The Red Army
1. Der Film in einem Satz
Der Baader-Meinhof-Komplex auf japanisch als dreistündiges Avantgardemonster
2. Darum geht’s
Koji Wakamatsu dreht einen mehr als dreistündigen Lehrfilm über den japanischen Linksextremismus. Die erste Stunde arbeitet mit vielen Archivaufnahmen die komplette Entwicklung der 60er minutiös auf und führt dabei geschätzte 100 Personen ein, der mittlere Part wird zu einem Kammerspiel in einer Berghütte, in deren Verlauf mehrere Kameraden nach internen Bestrafungen totgeprügelt werden und der letzte Akt handelt von einer einmonatigen Polizei-Belagerung der letzten fünf freien Red Army Mitglieder, die sich in einer Pension verschanzt hatten.
Wakamatsu arbeitet akribisch, akkurat, manchmal anmaßend genau die historischen Entwicklungen auf, was selbstredend in einen sehr anstrengenden Film mündet, der aber gerade durch seinen fanatischen Genauigkeitswahn überzeugt.
Beängstigend gut ist der Mittelteil, der die Selbstdestruktion und faschistoiden Entwicklungen der Terroristengruppe durchspielt und die brutalen Prügelstrafen, Exekutionen und Erniedrigungen ohne Rücksicht zeigt.
3. Der beste Moment
Im hervorragenden Mittelteil findet sich auch die stärkste Stelle: der Moment, in dem eine Terroristin zum ersten Mal in den Spiegel blickt, nachdem sie sich auf Anweisung selbst ihr Gesicht kaputt schlagen musste.
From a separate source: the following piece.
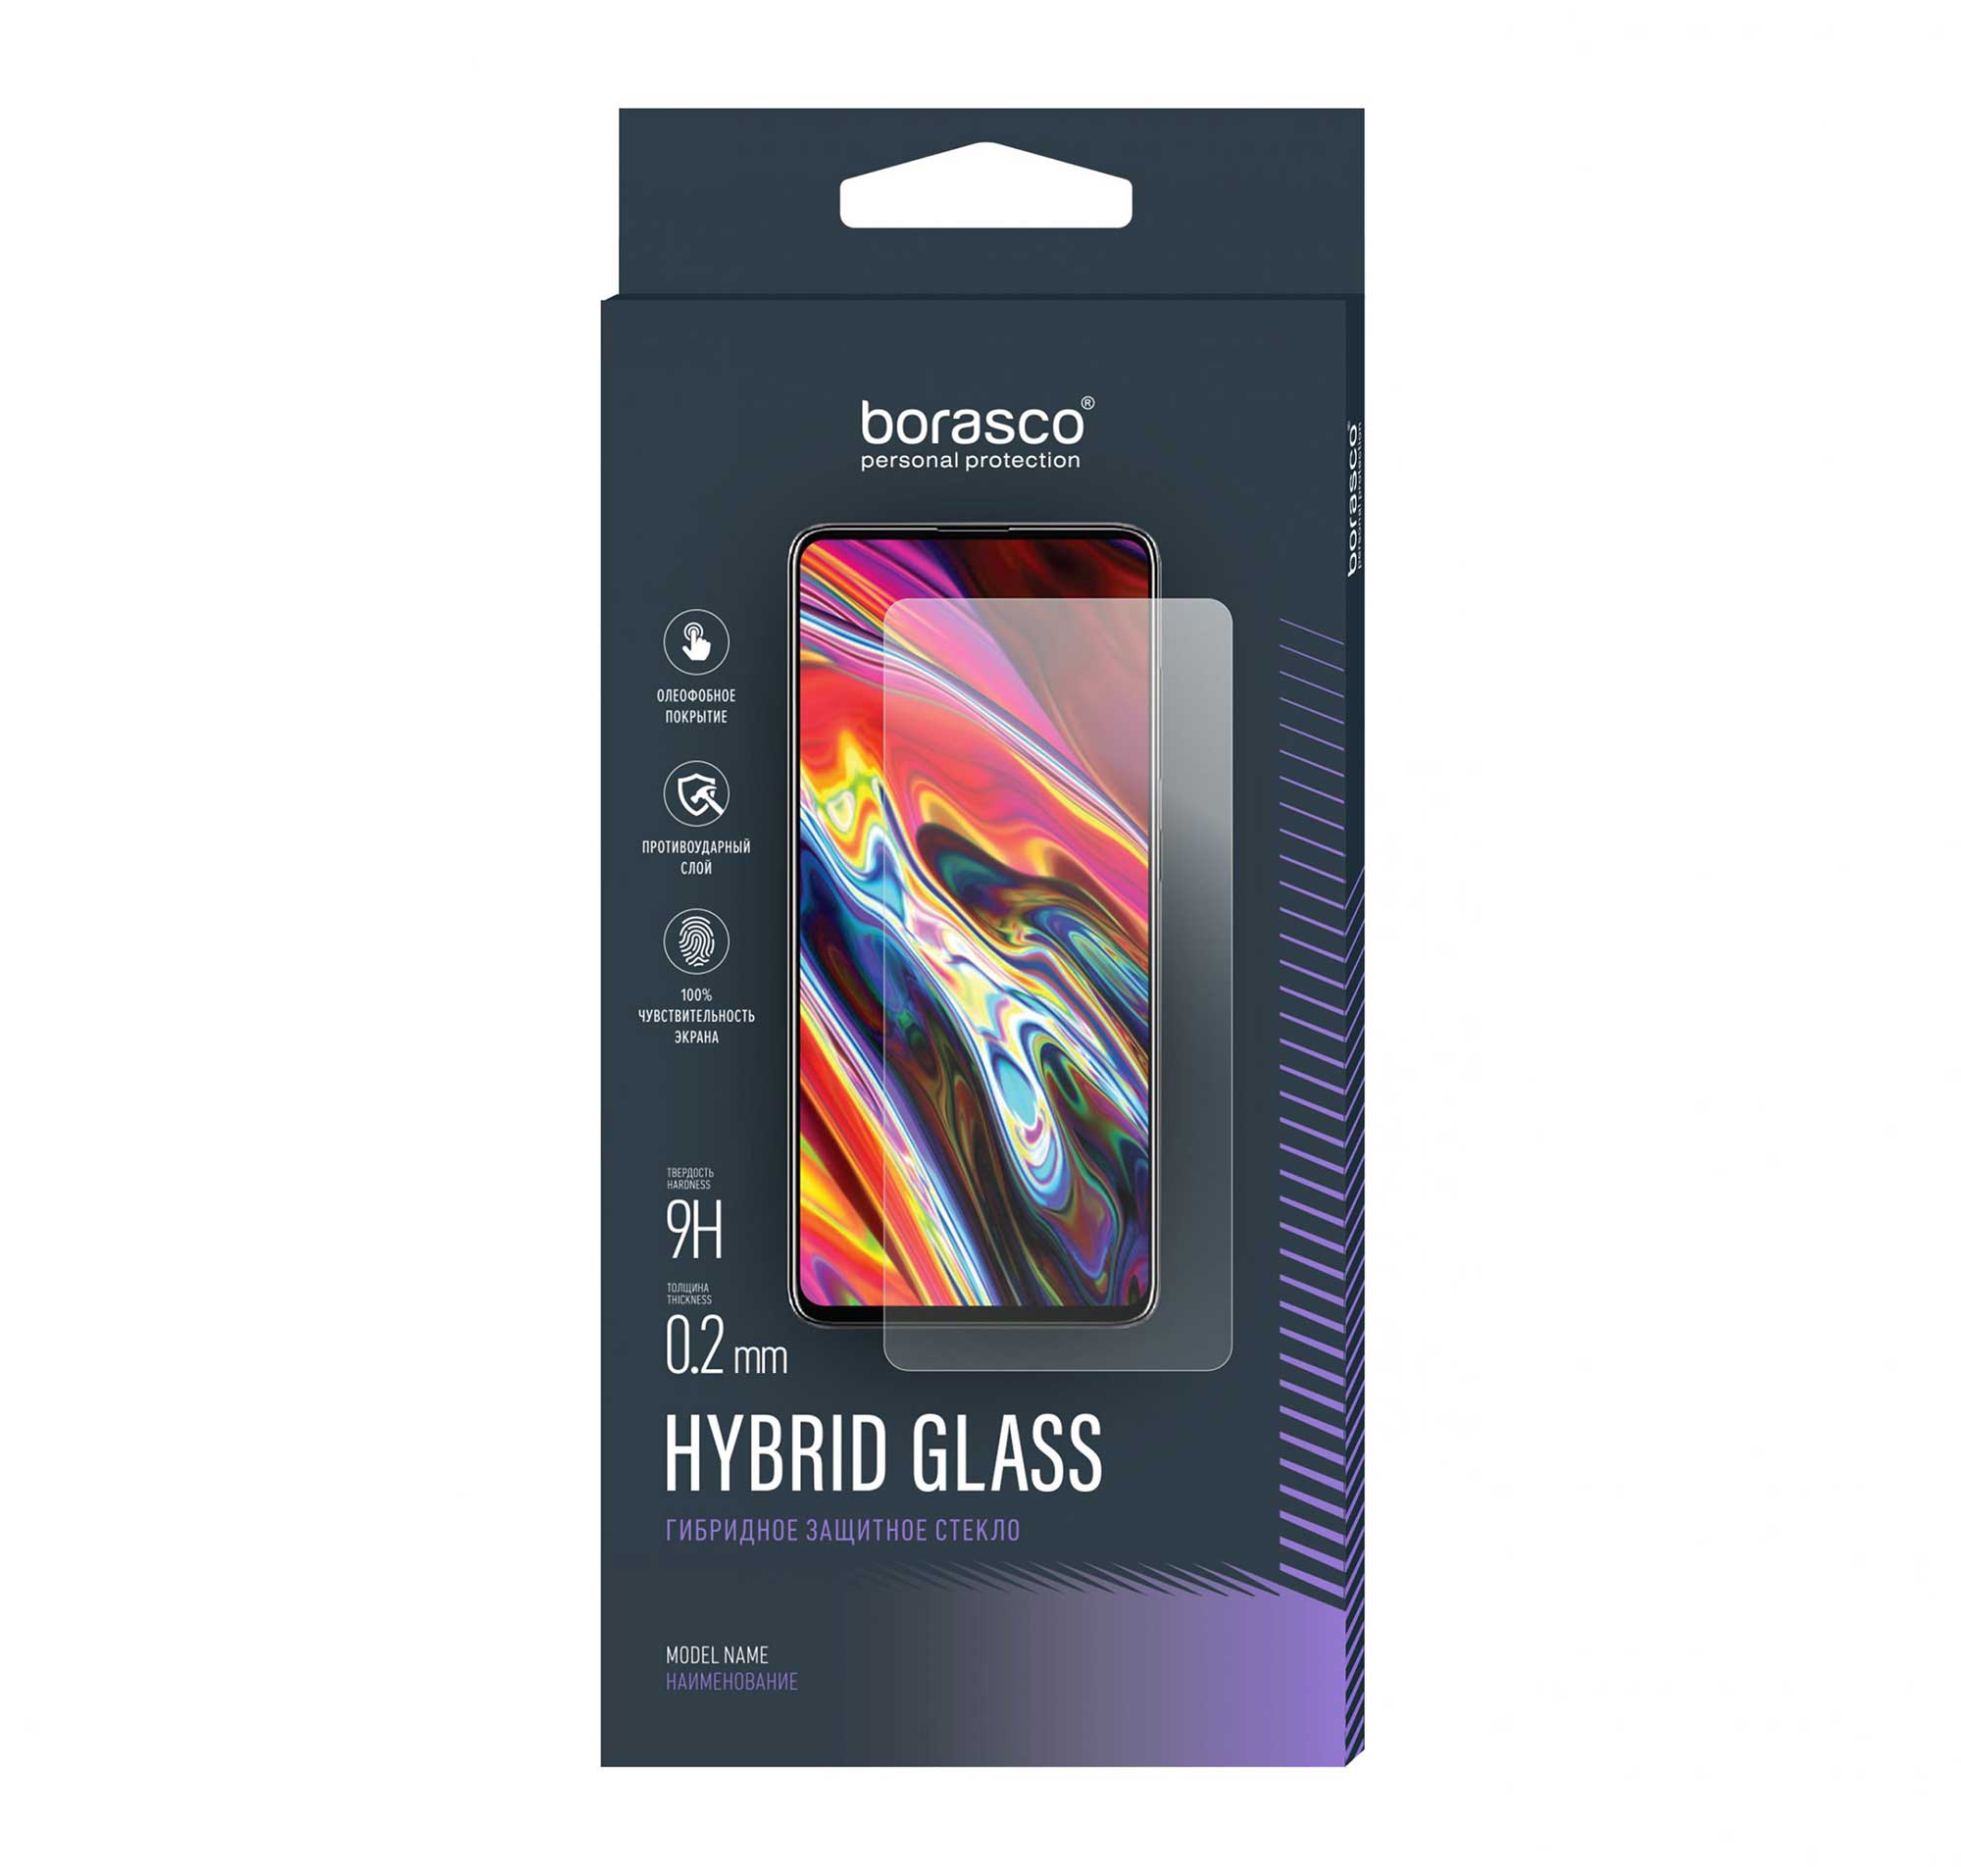 Защитное стекло Hybrid Glass для Google Pixel 4a 5G защитное стекло для смартфона krutoff для google pixel 4a 5g

Wenig später stirbt sie.
4. Diese Menschen mögen diesen Film
Spex-Leser, die gleichermaßen die RAF wie japanische Avantgarde geil finden. Jan Delay dagegen nicht, der dürfte das bei allem RAF-Chic zu derbe anstrengend finden.
* Japan
* Regie: Koji Wakamatsu
* imdb
Fireflies In The Garden
1. Der Film in einem Satz
Familiendrama um einen dominanten Vater und einen erniedrigten Sohn, der Jahrzehnte später versucht, seinen Frieden zu finden.
2. Darum geht’s
Willem Dafoe spielt einen rücksichtslos dominanten Vater, Ryan Reynolds den (erwachsenen) Sohn, der auch Jahrzehnte später noch die Hasskappe aufsetzt, wenn er seinen Vater sieht. Nach einem Unfall und Umwälzungen in der Familie wird aber alles auf wundersame Weise gut. Schön, nicht?
3. Der beste Moment
Die Rückblenden in die Vergangenheit sind erheblich unterhaltsamer als die Gegenwart.
4. Diese Menschen mögen diesen Film
Freunde von biederen Literaturverfilmungen, in denen am Ende doch alles noch irgendwie gut wird.
* USA
* Regie: Dennis Lee
* imdb
What No One Knows
1. Der Film in einem Satz
Es ist was faul im Staate Dänemark, denn auch dort schaut der große Bruder den Bürgern böse über die Schulter, damit niemand seine biologischen Geheimwaffen sabotiert!
2. Darum geht’s
Die Tochter eines ehemaligen dänischen Geheimdienstmannes stirbt auf rätselhafte Weise, ihr Bruder sichtet ihre Unterlagen und kommt einer großen Verschwörung auf die Spur.
What No One Knows spult dabei überraschend konventionell das Conspiracy-Thriller-Programm mit allen üblichen Klischees ab. Selbstredend darf deus-ex-machina-gleich auch der mysteriöse Informant nicht fehlen, der alle entscheidenden Informationen handlich über die Theke schiebt, damit der Film auch weitermachen kann. Auf seiner Habenseite kann der Film verbuchen, dass er effektiv Suspense erzeugt, aber vom „Mifune“-Regisseur hätte man einen weniger konservativ erzählten Film erwartet.
3. Der beste Moment
Die dazwischengeschnittenen CCTV-Aufnahmen, die gezielt das unangenehme Gefühl der allgegenwärtigen Beobachtung als Bedrohung transportieren.
4. Diese Menschen mögen diesen Film
…die auch glauben, dass damals in das Pentagon eine Rakete eingeschlagen hat, das vierte Flugzeug abgeschossen wurde und George W. Bush unter einer Decke mit Osama Bin Laden steckt. Ersatzweise auch Tatort-Fans.